Ero scioccata. Seriamente scioccata, come facevano dei genitori ad arrivare a così tanto? 
«Alex…» non sapevo nemmeno cosa dire. 
«Non devi dire niente.» 
Gli accarezzai il viso. Mise la sua mano sopra la mia, e portò il polso al suo naso. Lo sentii inspirare  profondamente.
«Alex?» chiesi un po’ intimorita.
«Hai veramente un odore..fantastico.» rimasi un po’ paralizzata da quella frase.
«Scusami.» disse capendo che mi stava spaventando. Diede un leggero bacio al polso e lo lasciò andare.
«Ti da fastidio? Questa vicinanza?»
«No… è solo che l’odore di certe persone è veramente forte. Più che altro mi confonde le idee.
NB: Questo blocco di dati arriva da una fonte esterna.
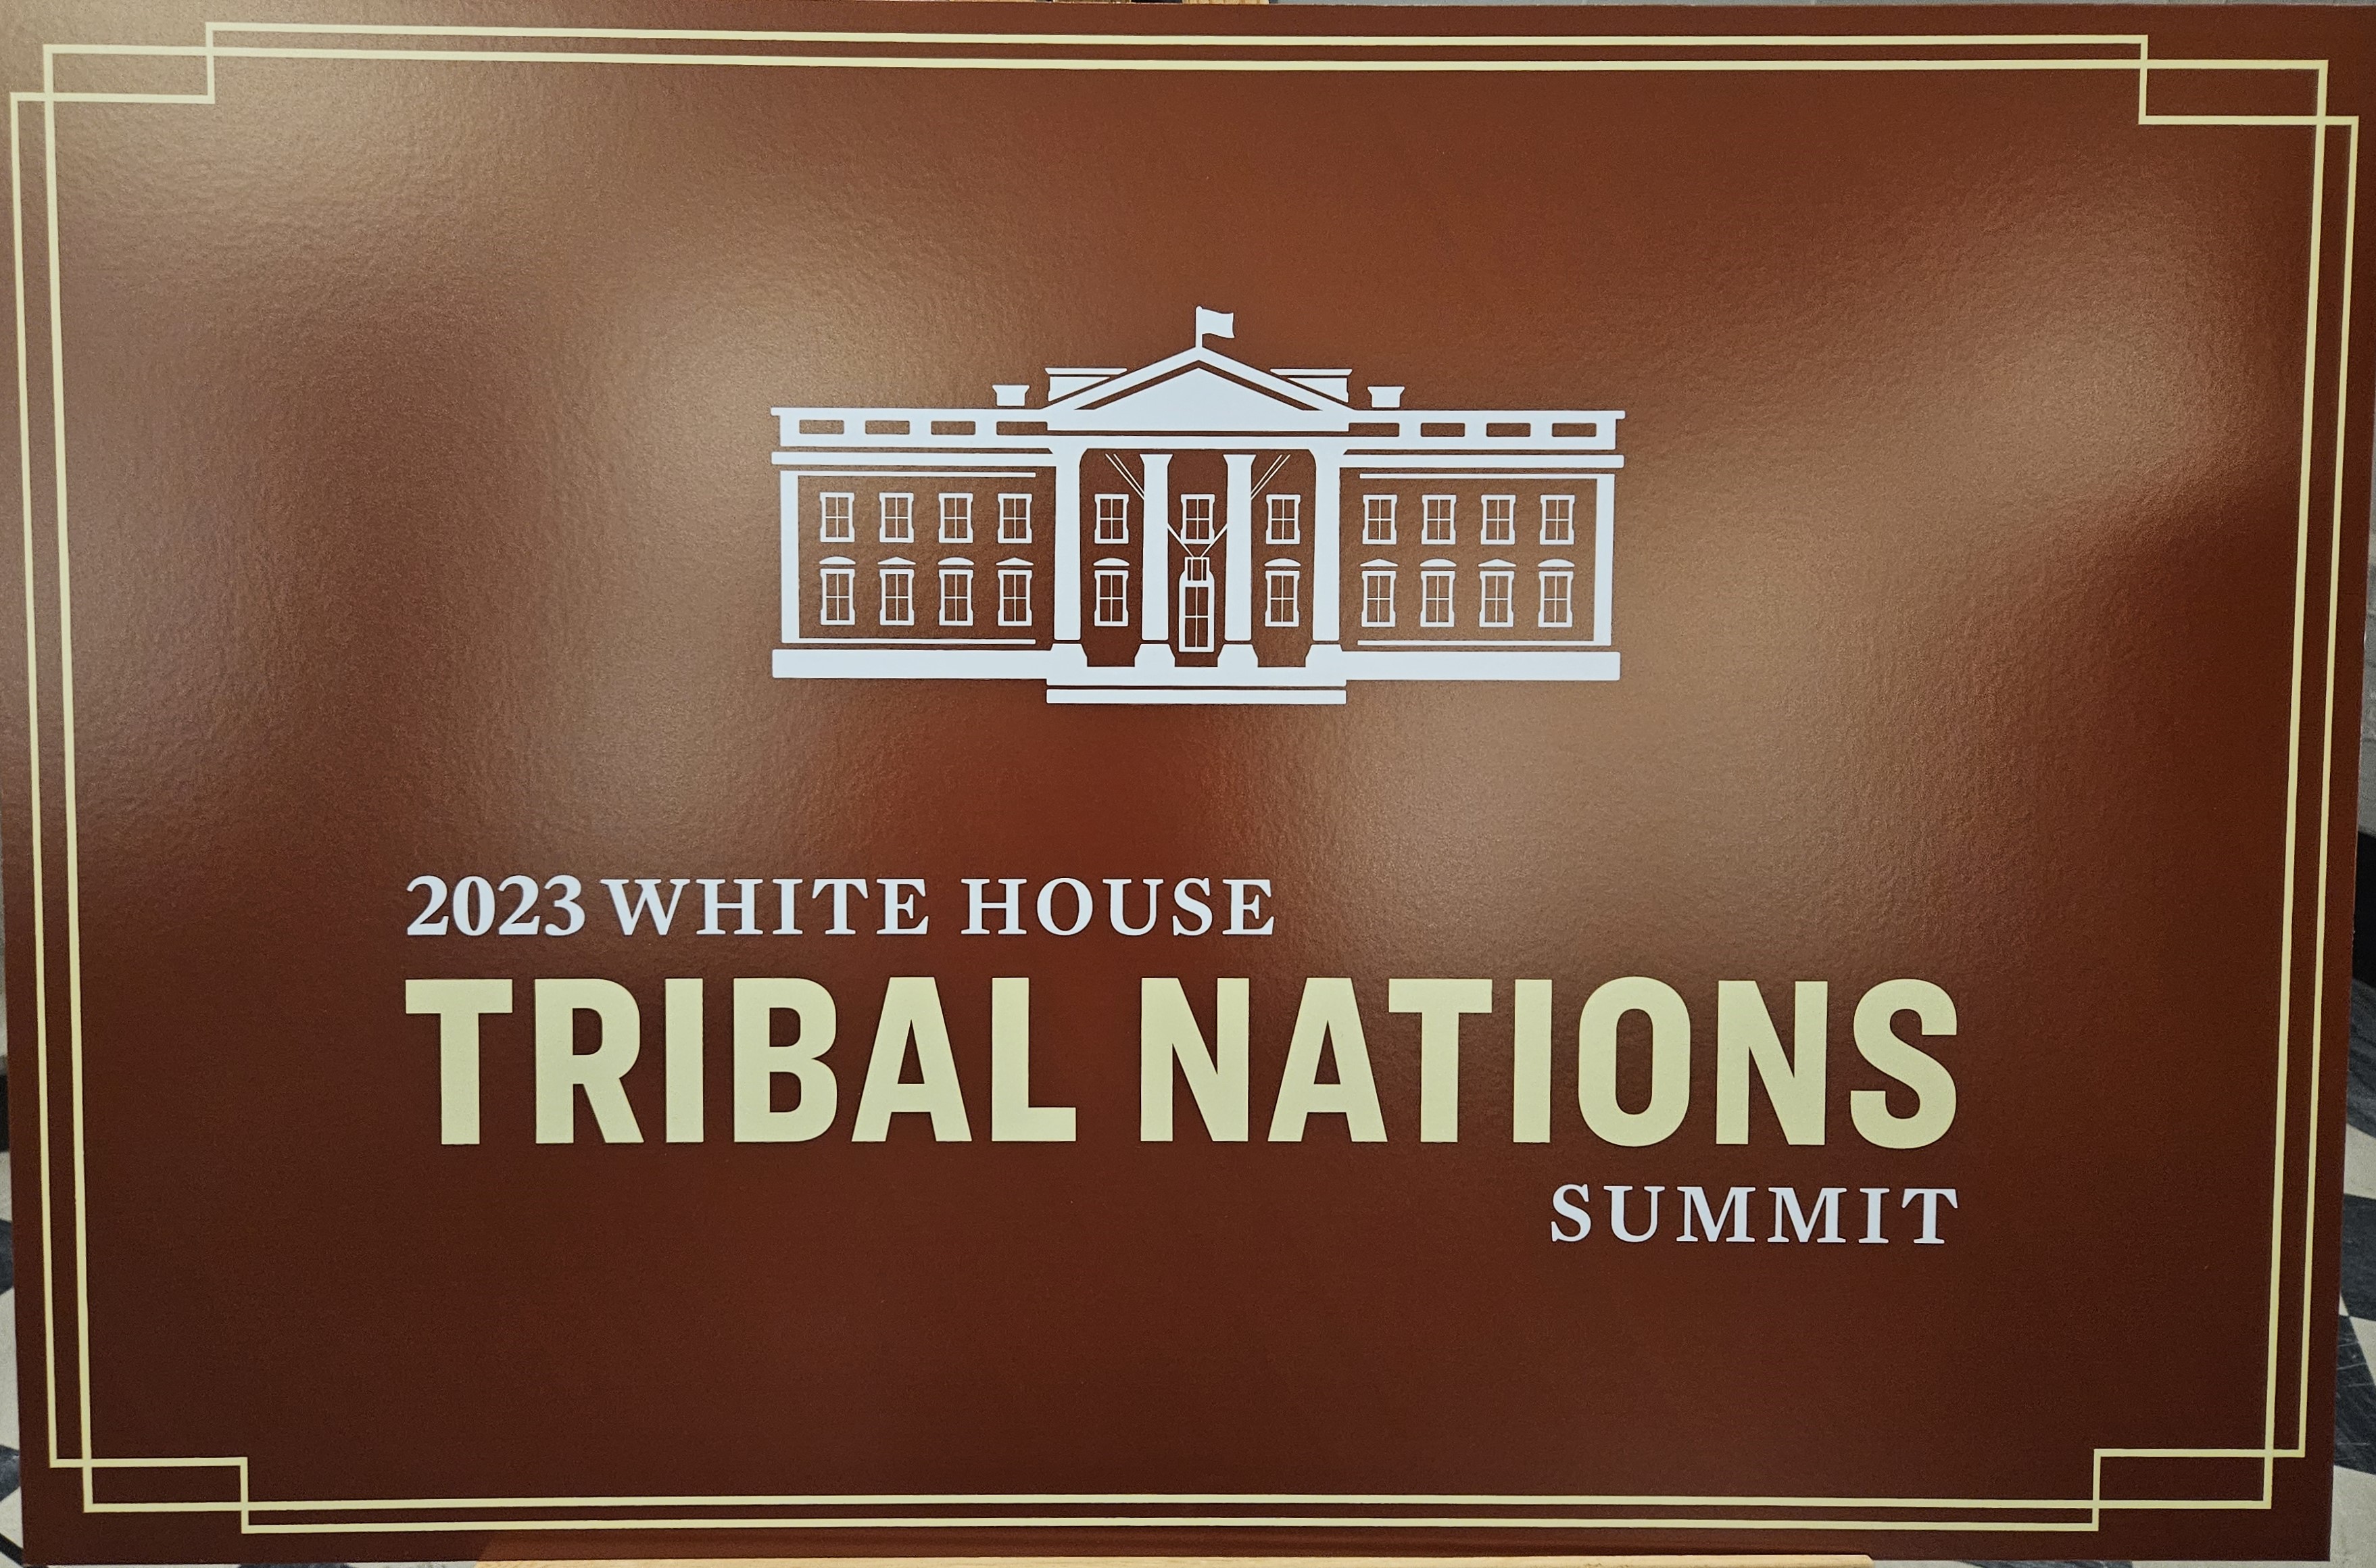 The White House Tribal Nations Summit logo.

Tutto qua.» 
«Dovrei cambiare profumo allora.» era il profumo di mia mamma…
Alexandre rispose con una risata, non capivo.
«No, non in quel senso. Il profumo tuo. Non quello che ti spruzzi addosso alla mattina, ma quello naturale della tua pelle, e del tuo sangue. Io lo sento.»
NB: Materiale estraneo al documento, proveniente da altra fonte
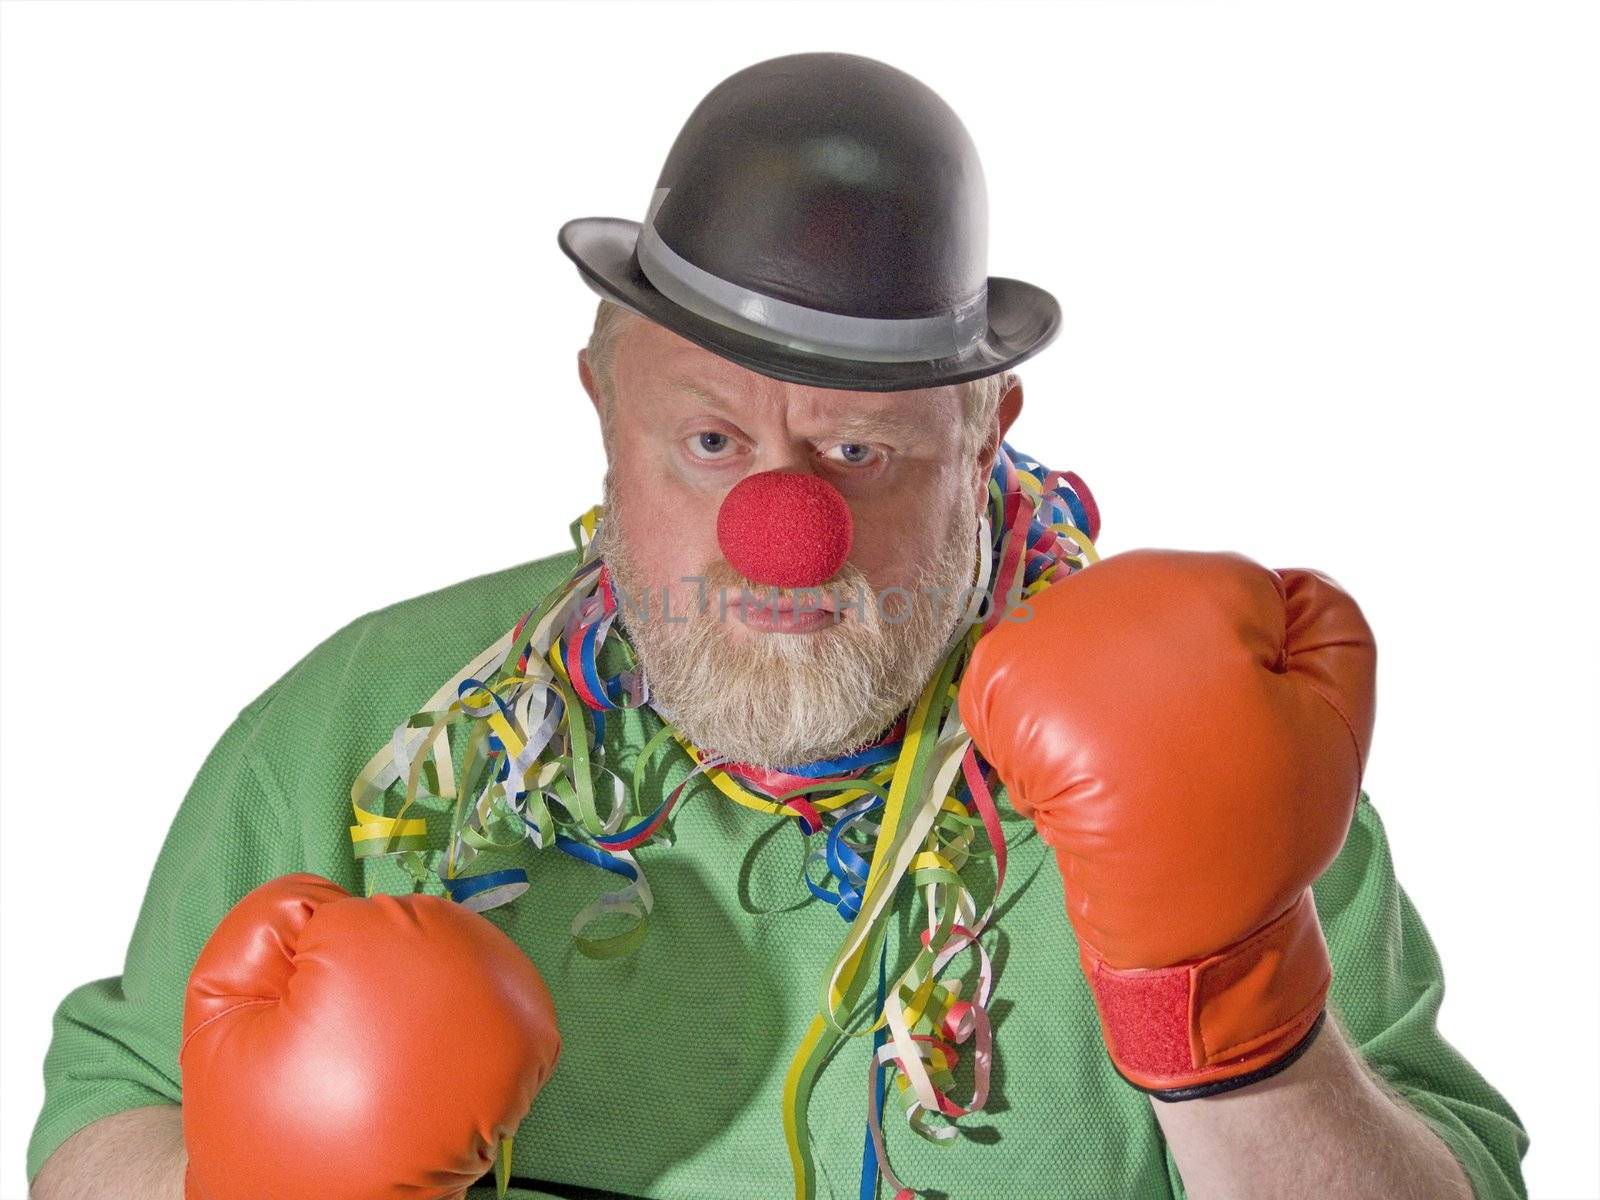 Boxing clown with black hat, false nose and boxing gloves

«Ah. Capito. E di cosa sa la mia pelle?»
«Sai di muschio, pioggia e di orchidee.»
«Ma le orchidee non hanno un profumo.»
«Forse per voi umani, ma io lo sento.» 
Sorrisi. 
«Ce ne sono tanti come te?»
«Di vampiri? Beh in Italia sono ormai scomparsi, forse ce ne sono giusto due o tre. In spagna ce ne sono parecchi, ma ci sappiamo nascondere molto bene. In America non ce ne sono, molti sono scandinavi. Ma sai più che altro sono famiglie intere, di solito si salta una generazione o due. »
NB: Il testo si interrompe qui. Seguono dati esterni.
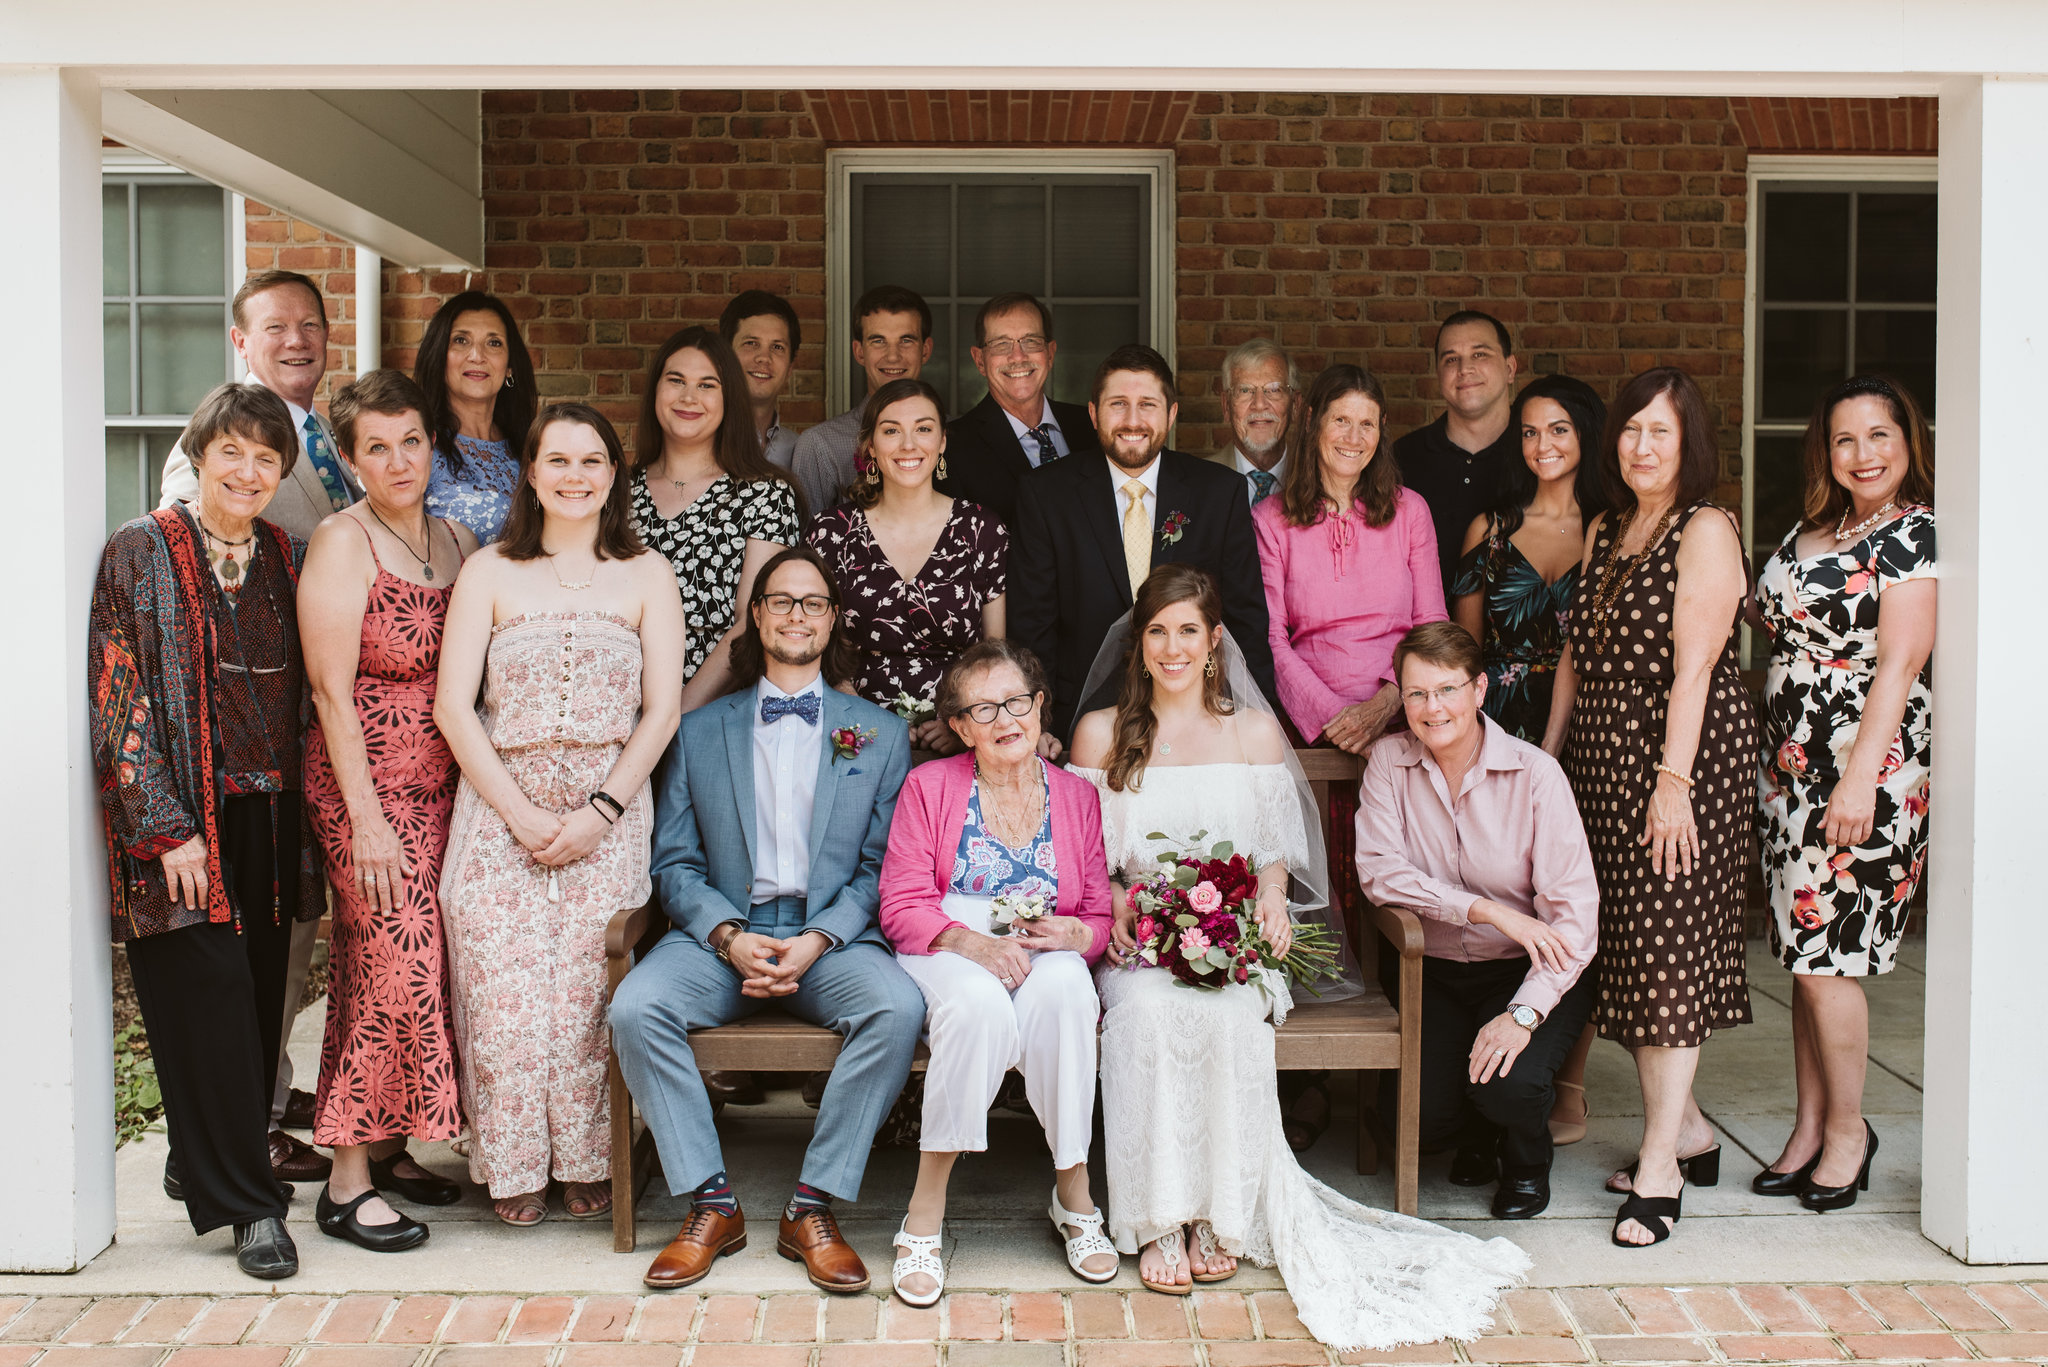  Annapolis, Quaker Wedding, Maryland Wedding Photographer, Intimate, Small Wedding, Vintage, DIY, Portrait of Entire Family, Bride and Groom with Family

«Capisco. Lo so che ho tante domande, ma come si diventa come voi?» non riuscivo proprio a dirla la parola vampiro.
«Beh, o ce lo hai nel sangue, come me, oppure vieni trasformato. Ma è una cosa piuttosto dolorosa.»
«Ma come si fa? Il processo intendo.» Non so cosa fosse che mi incuriosiva così tanto, forse sapere se era vero che se un vampiro ti mordeva, diventavi a tua volta un vampiro.
«Beh prima di tutto, dovresti avere nel tuo sangue un po’ del sangue di un vampiro, beh un po’ tanto a dire il vero. Poi il vampiro proprietario del sangue dovrebbe morderti e bere tutto il tuo sangue, sarebbe una morte lenta e molto dolorosa. Poi da li inizia la trasformazione, che dura circa 3 anni, ma dipende, a volte di meno. Ma non è una cosa piacevole.»
Sembrava complicato.
Sbadigliai rumorosamente.
«Okay, dormiamo.» rise lui.
«No, davvero resisto ancora un po’.»
«Ma certo. Dai dormi che è tardi.»
Pensò che Alexandre notò uno sguardo un po’ preoccupato nei miei occhi, dal tono della voce che usò per parlarmi.
«Ci sono qua io, non ti succederà niente. Non me ne vado.»
«Prometti?»
«Prometto.» disse annuendo.  
Mi rannicchiai contro il  suo petto nudo, gelido. Chiusi gli occhi. E non ci volle molto prima che mi addormentai.